Abstract: Phishing represents a critical cybersecurity threat where attackers deploy fraudulent websites to deceive users into disclosing sensitive personal information, such as banking credentials and passwords. Traditional blacklist-based detection methods are largely ineffective against new and rapidly changing phishing URLs. This research proposes an automated, intelligent detection system that utilizes machine learning to identify both known and unknown phishing websites by analysing 30 structural URL characteristics. A dataset of labelled legitimate and phishing URLs was sourced from the UCI Machine Learning Repository and PhishTank to train the system.
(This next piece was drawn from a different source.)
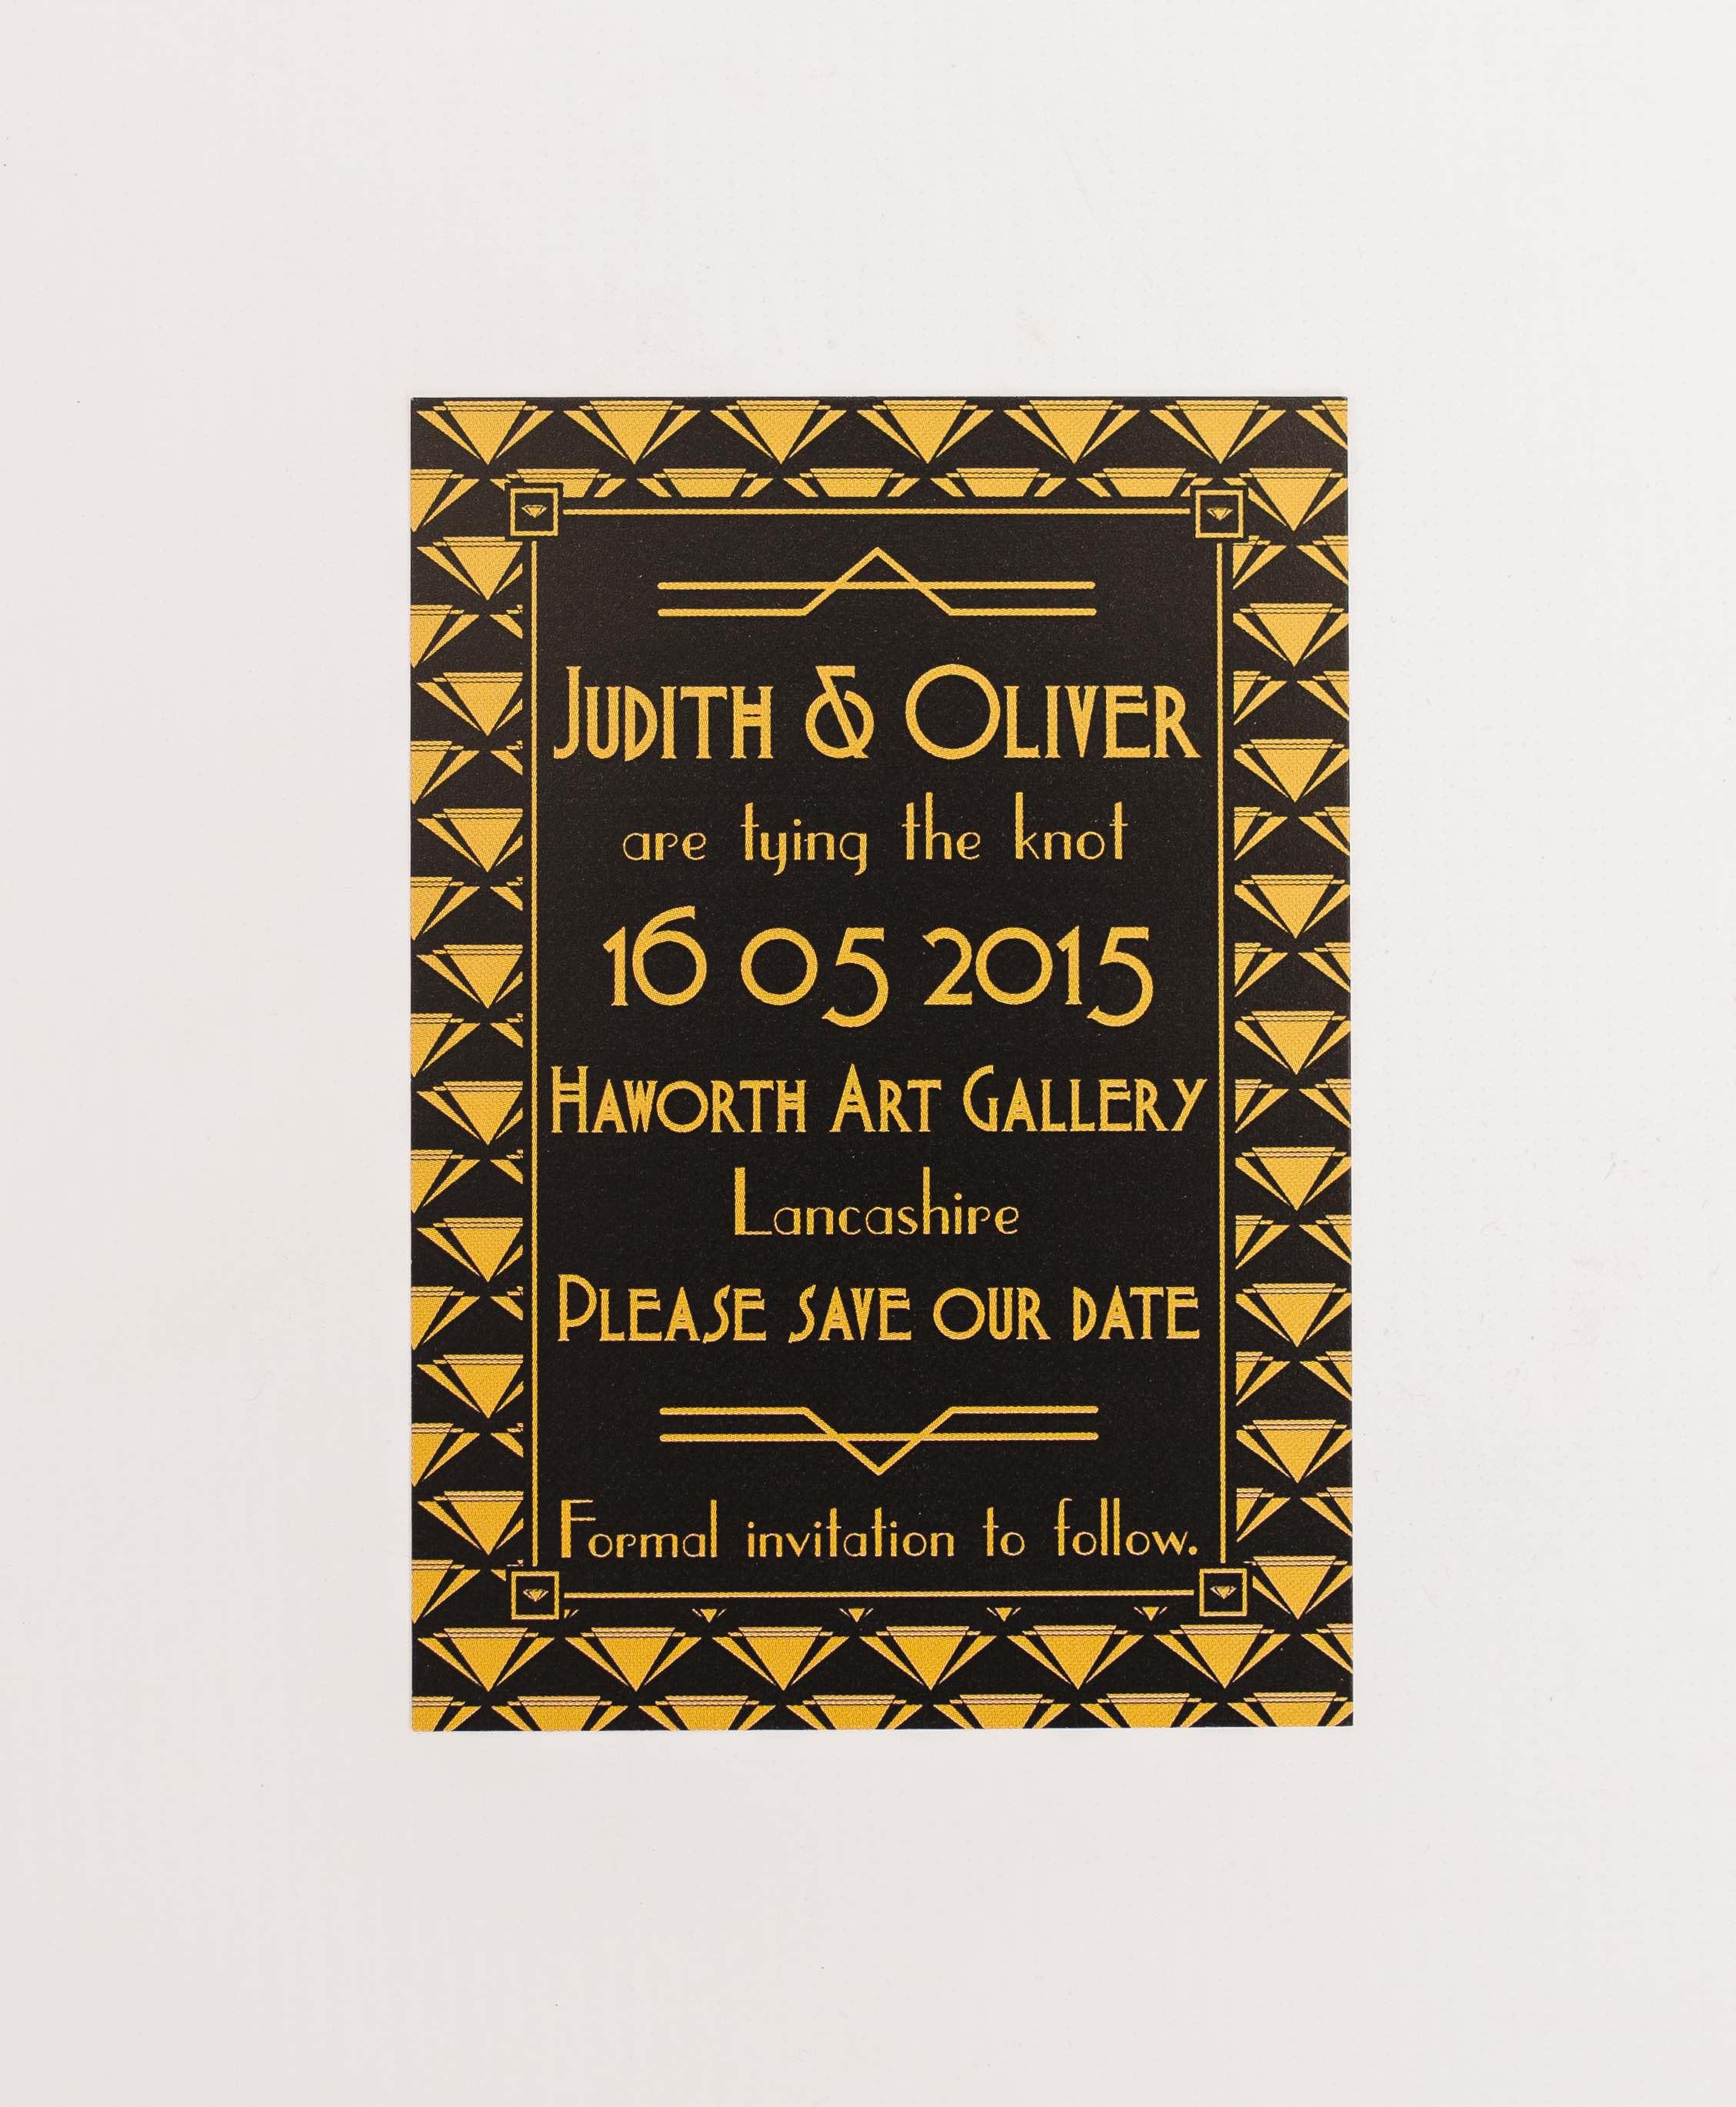 1920s Art Deco Save the Date Card.jpg
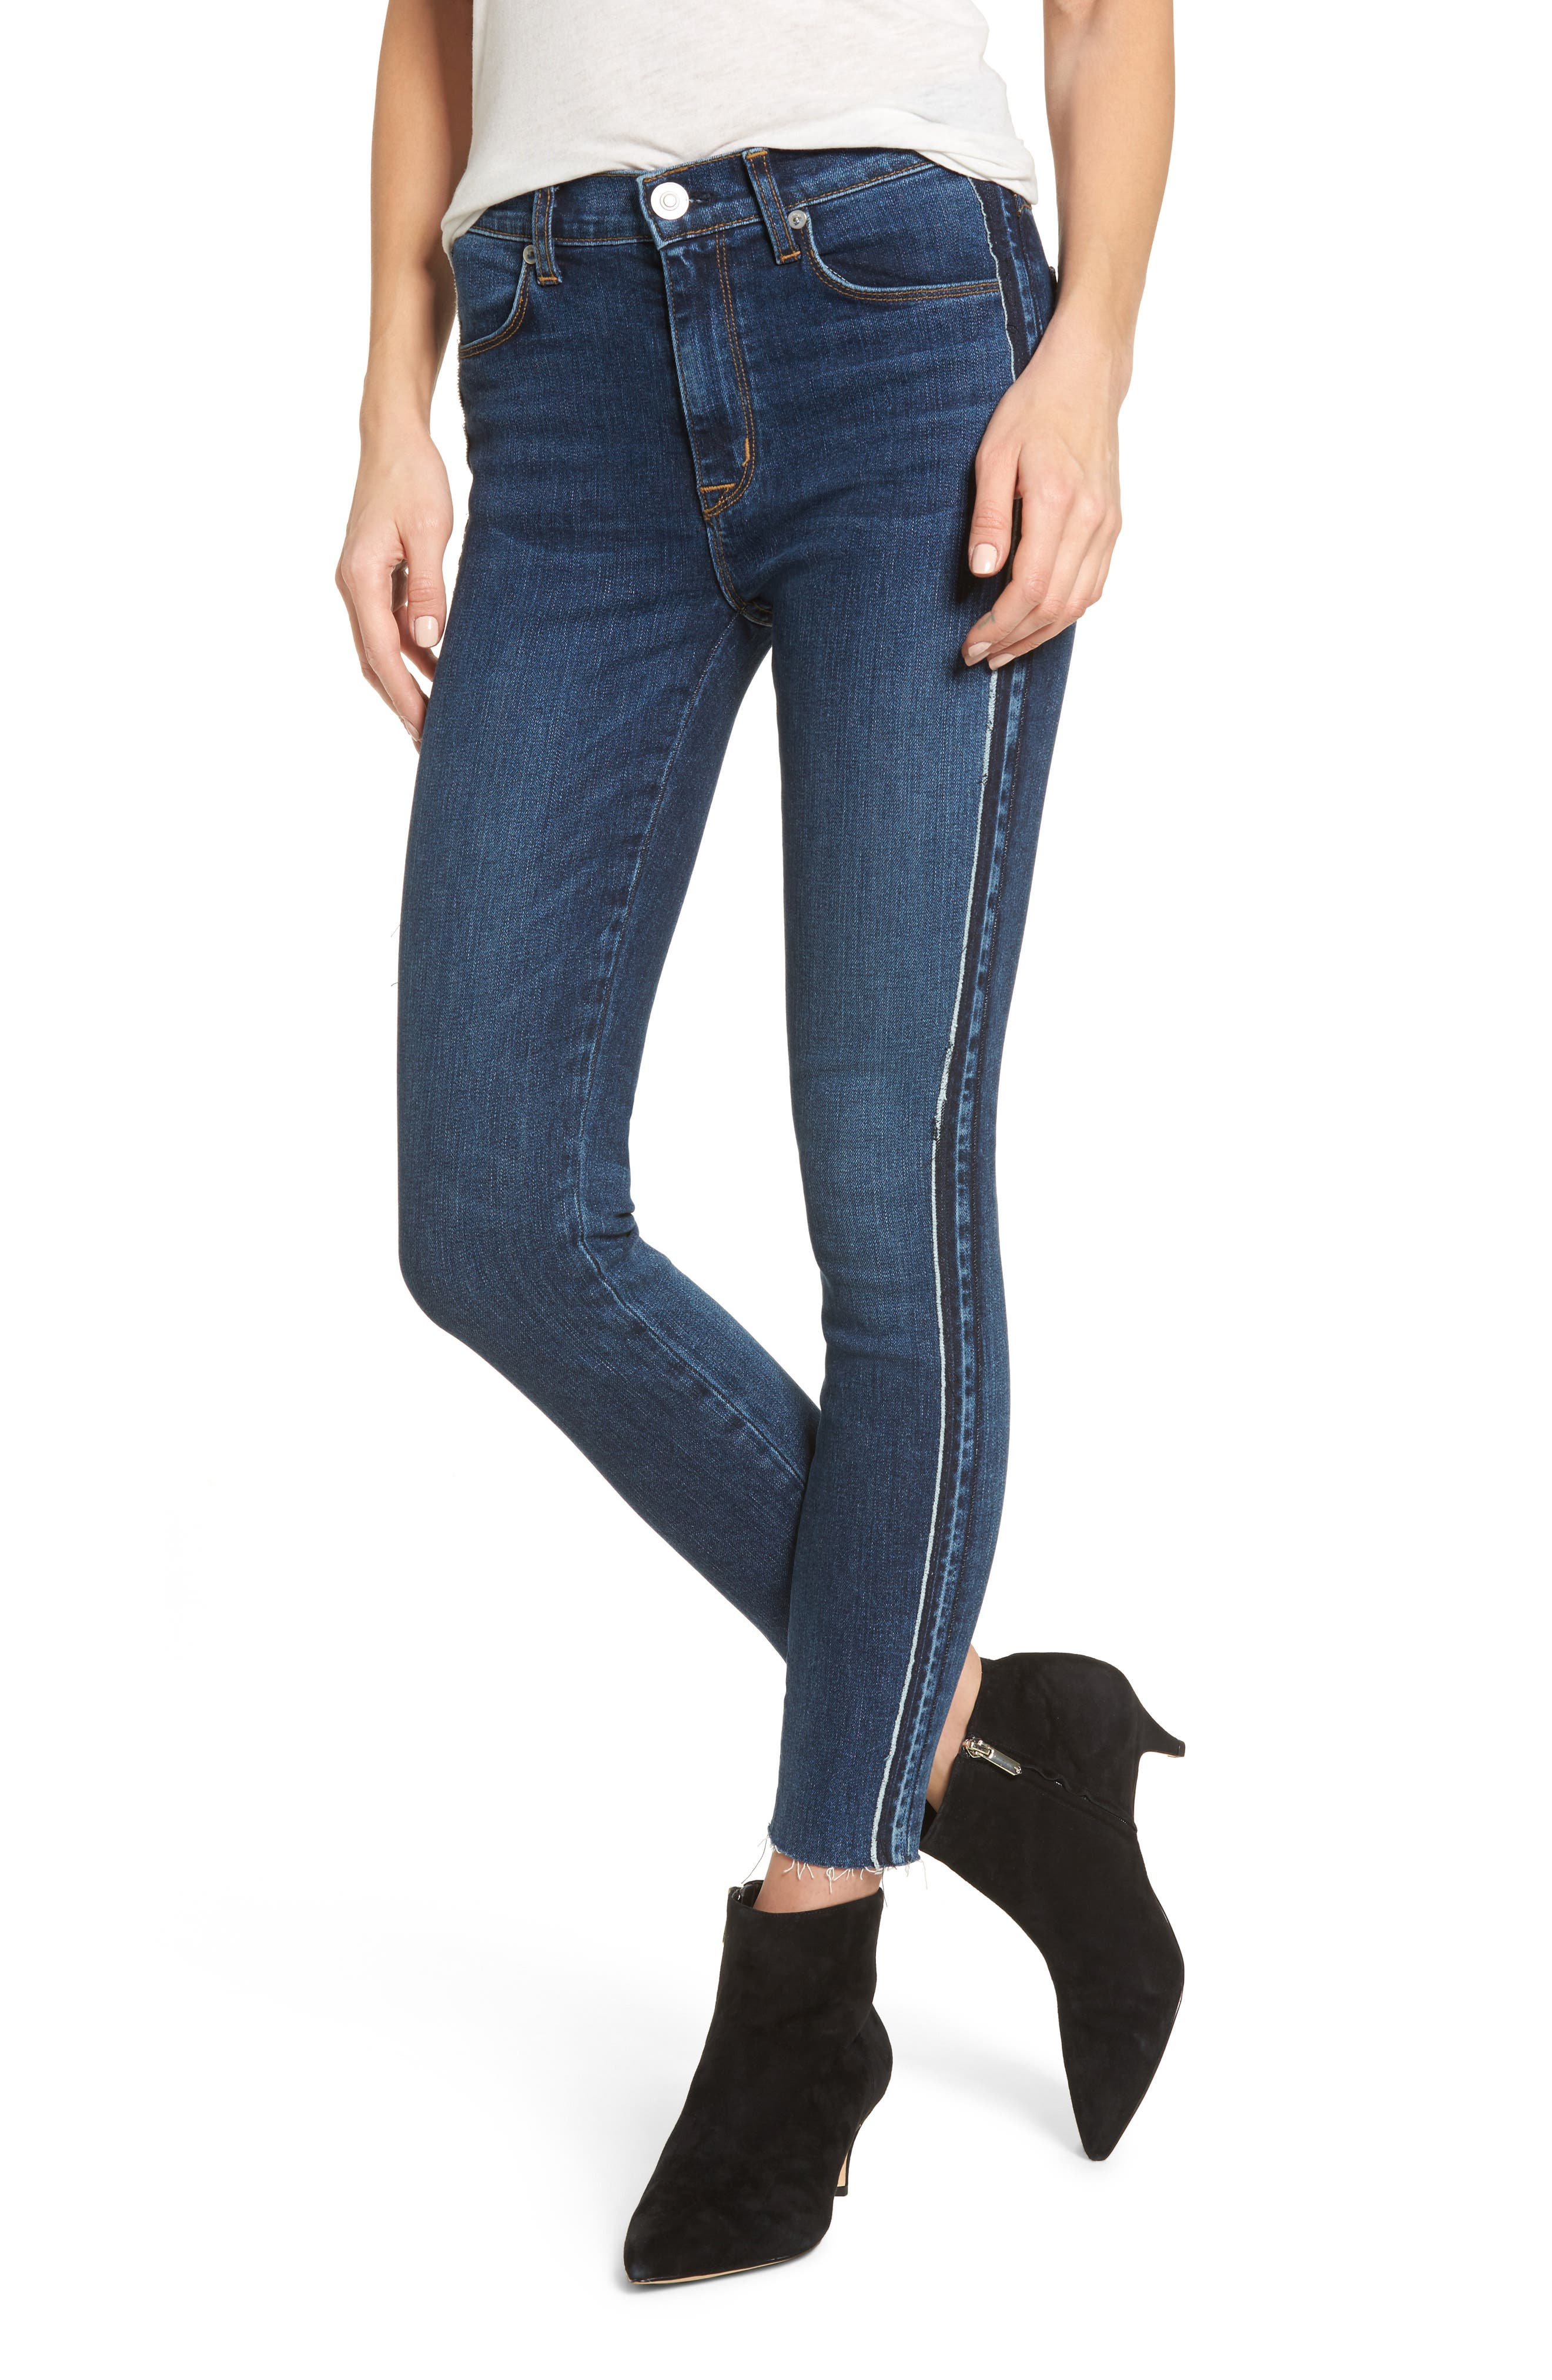 Barbara High Waist Super Skinny Jeans,                             Main thumbnail 1, color,                             Fatal

Multiple classification algorithms were evaluated, including Logistic Regression, Decision Tree, and Random Forest, with the XGBoost (Extreme Gradient Boosting) classifier emerging as the optimal model, achieving a peak accuracy of 96.88%. The final trained model was integrated into a real-time web application developed using the Streamlet framework, providing a scalable and efficient solution for proactive cybersecurity.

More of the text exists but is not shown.